**GOAL OF THE EXERCISE**
Wherever a picture sits, omit it. Output the rest of the listing exactly.

**RAW DATA**

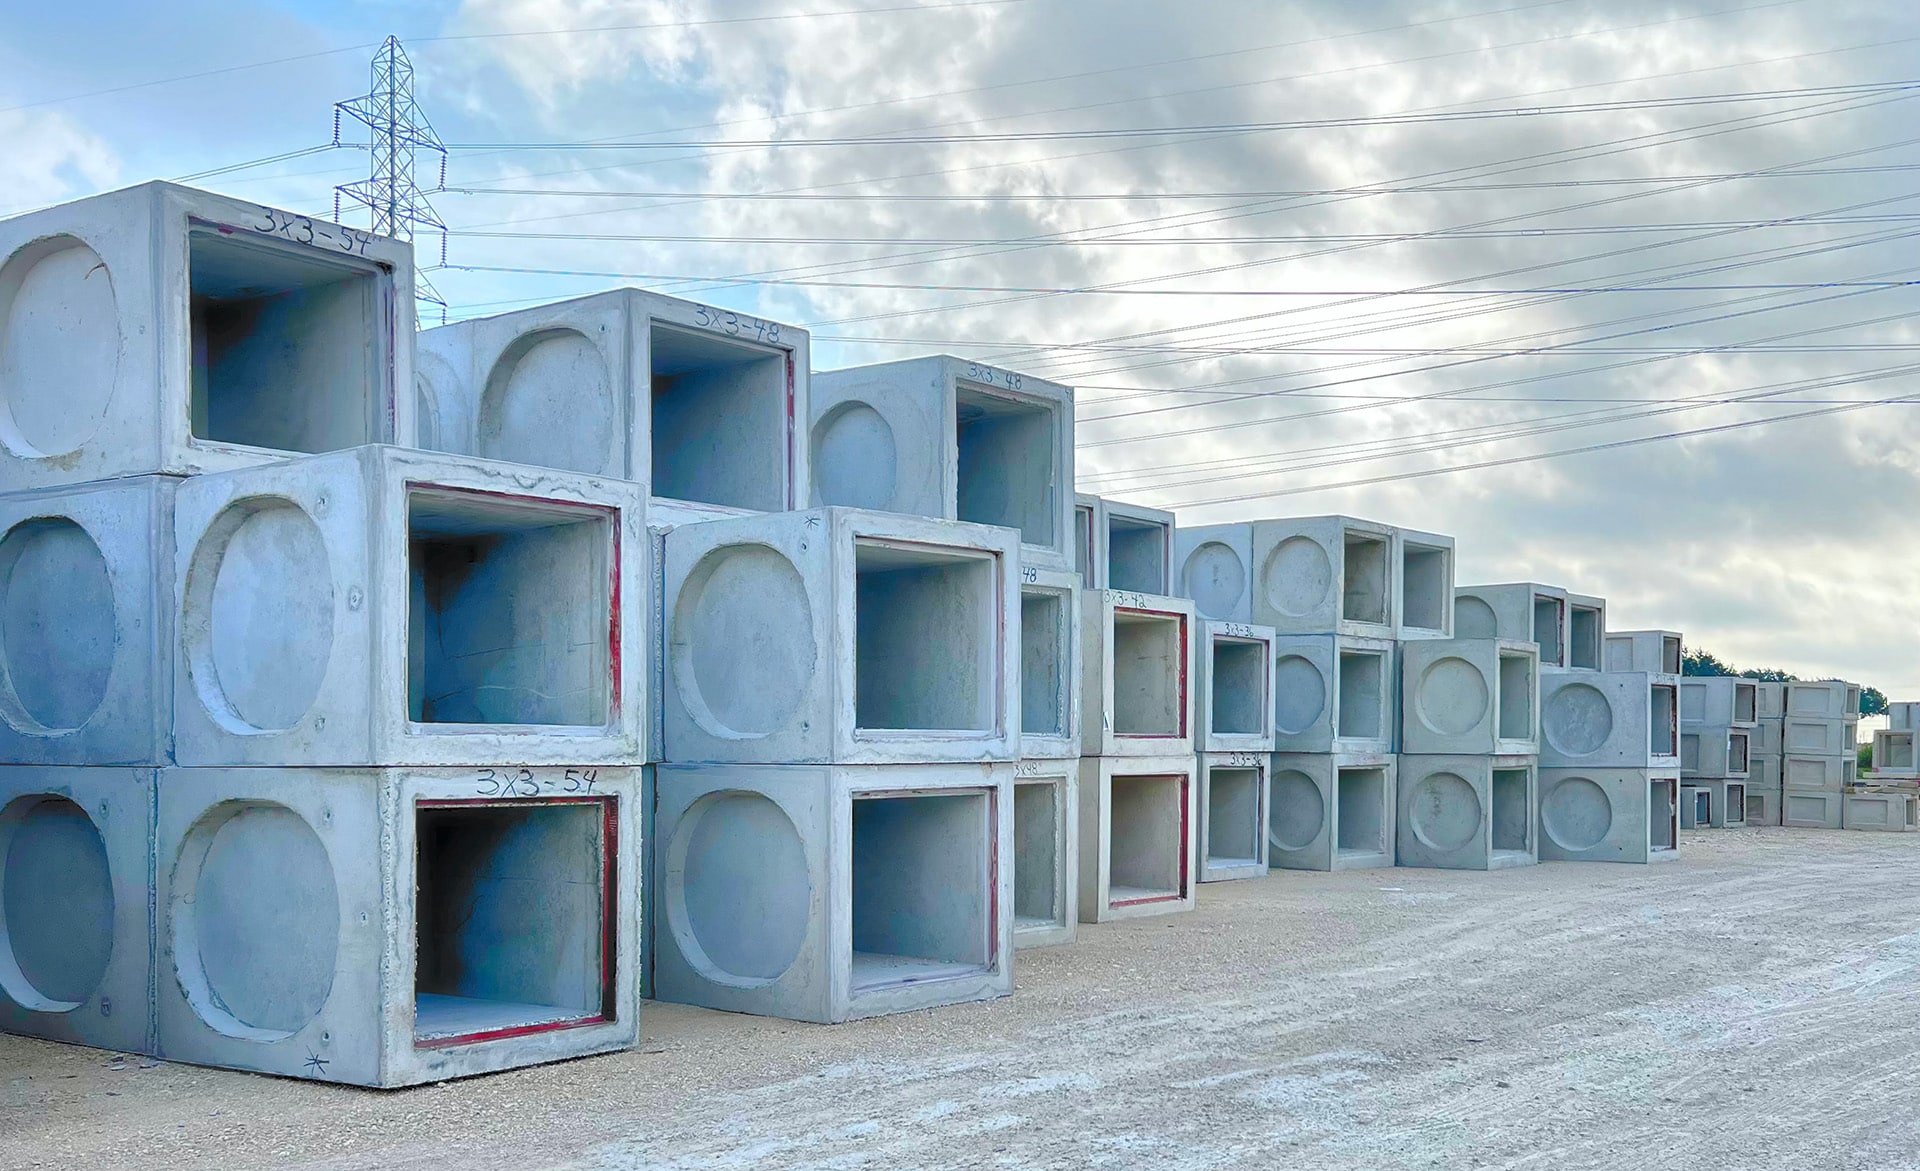 concrete boxes stacked in an outdoor area
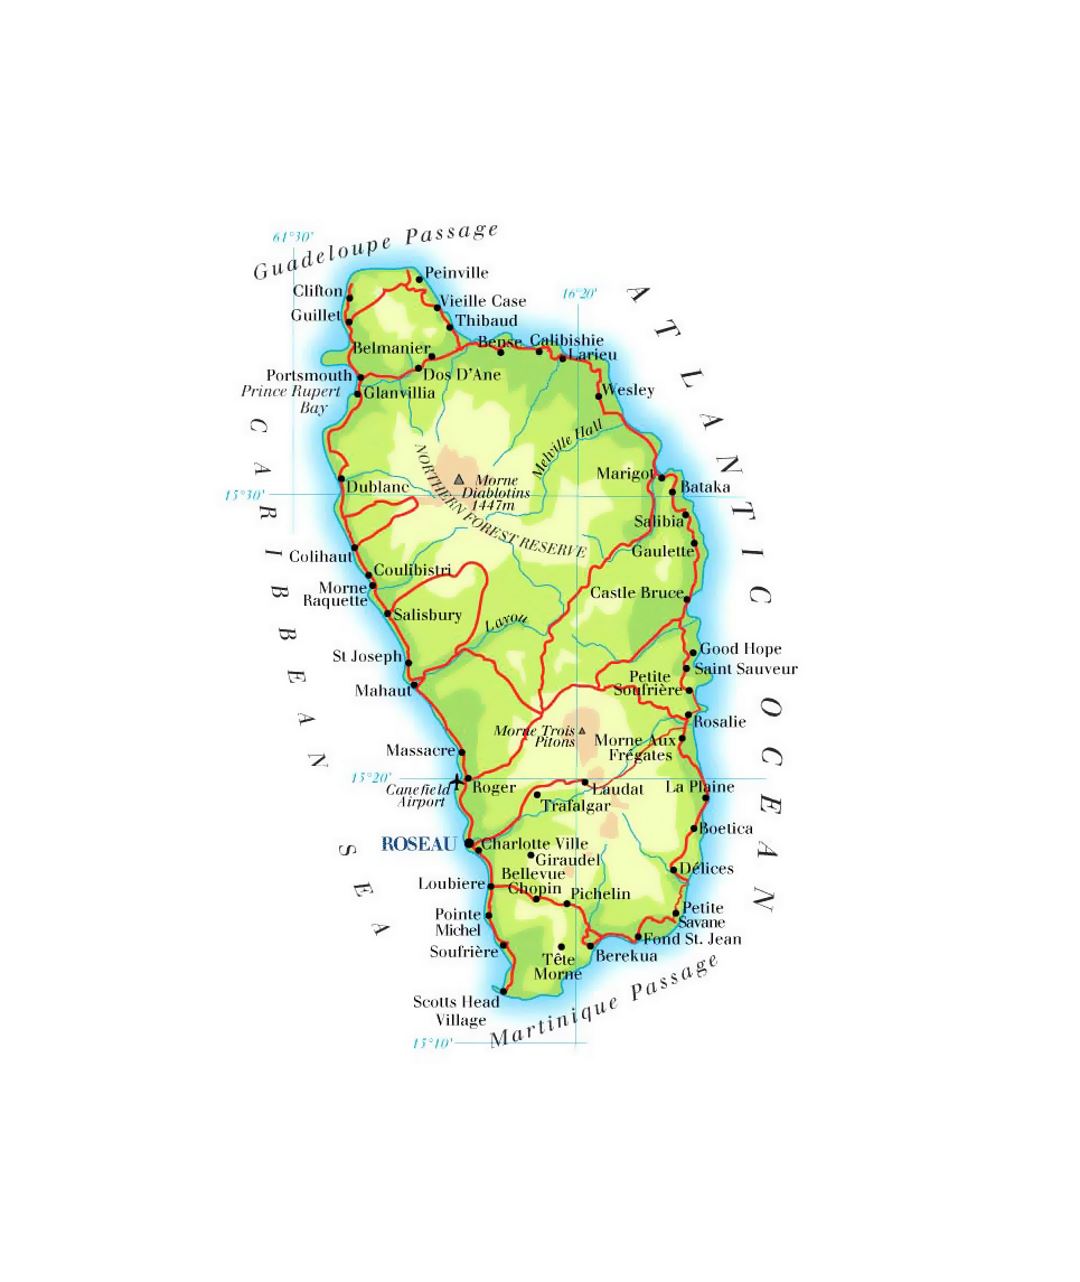 Detailed elevation map of Dominica with roads, cities and airports
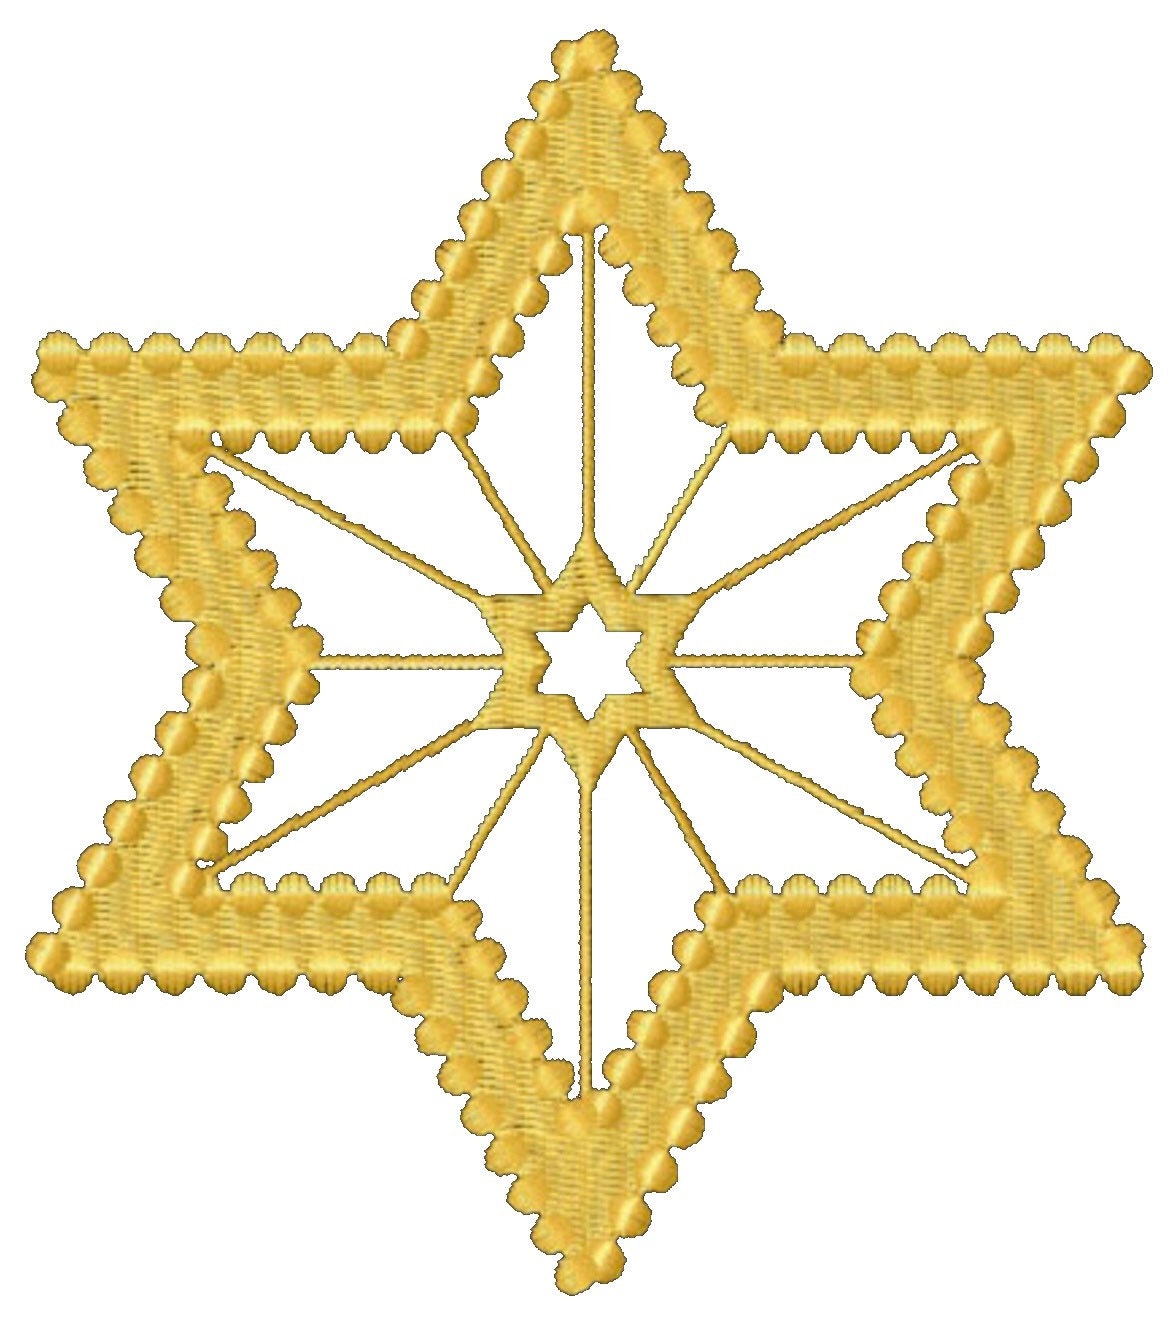 Embroidered Star of David Judaica Throw Pillow Cover. 18” x 18” Cotton pillow cover. Choice of 7 different Stars and 19 Pillow Colors

**ANSWER TO THIS TASK**
 concrete boxes stacked in an outdoor area
 Detailed elevation map of Dominica with roads, cities and airports
 Embroidered Star of David Judaica Throw Pillow Cover. 18” x 18” Cotton pillow cover. Choice of 7 different Stars and 19 Pillow Colors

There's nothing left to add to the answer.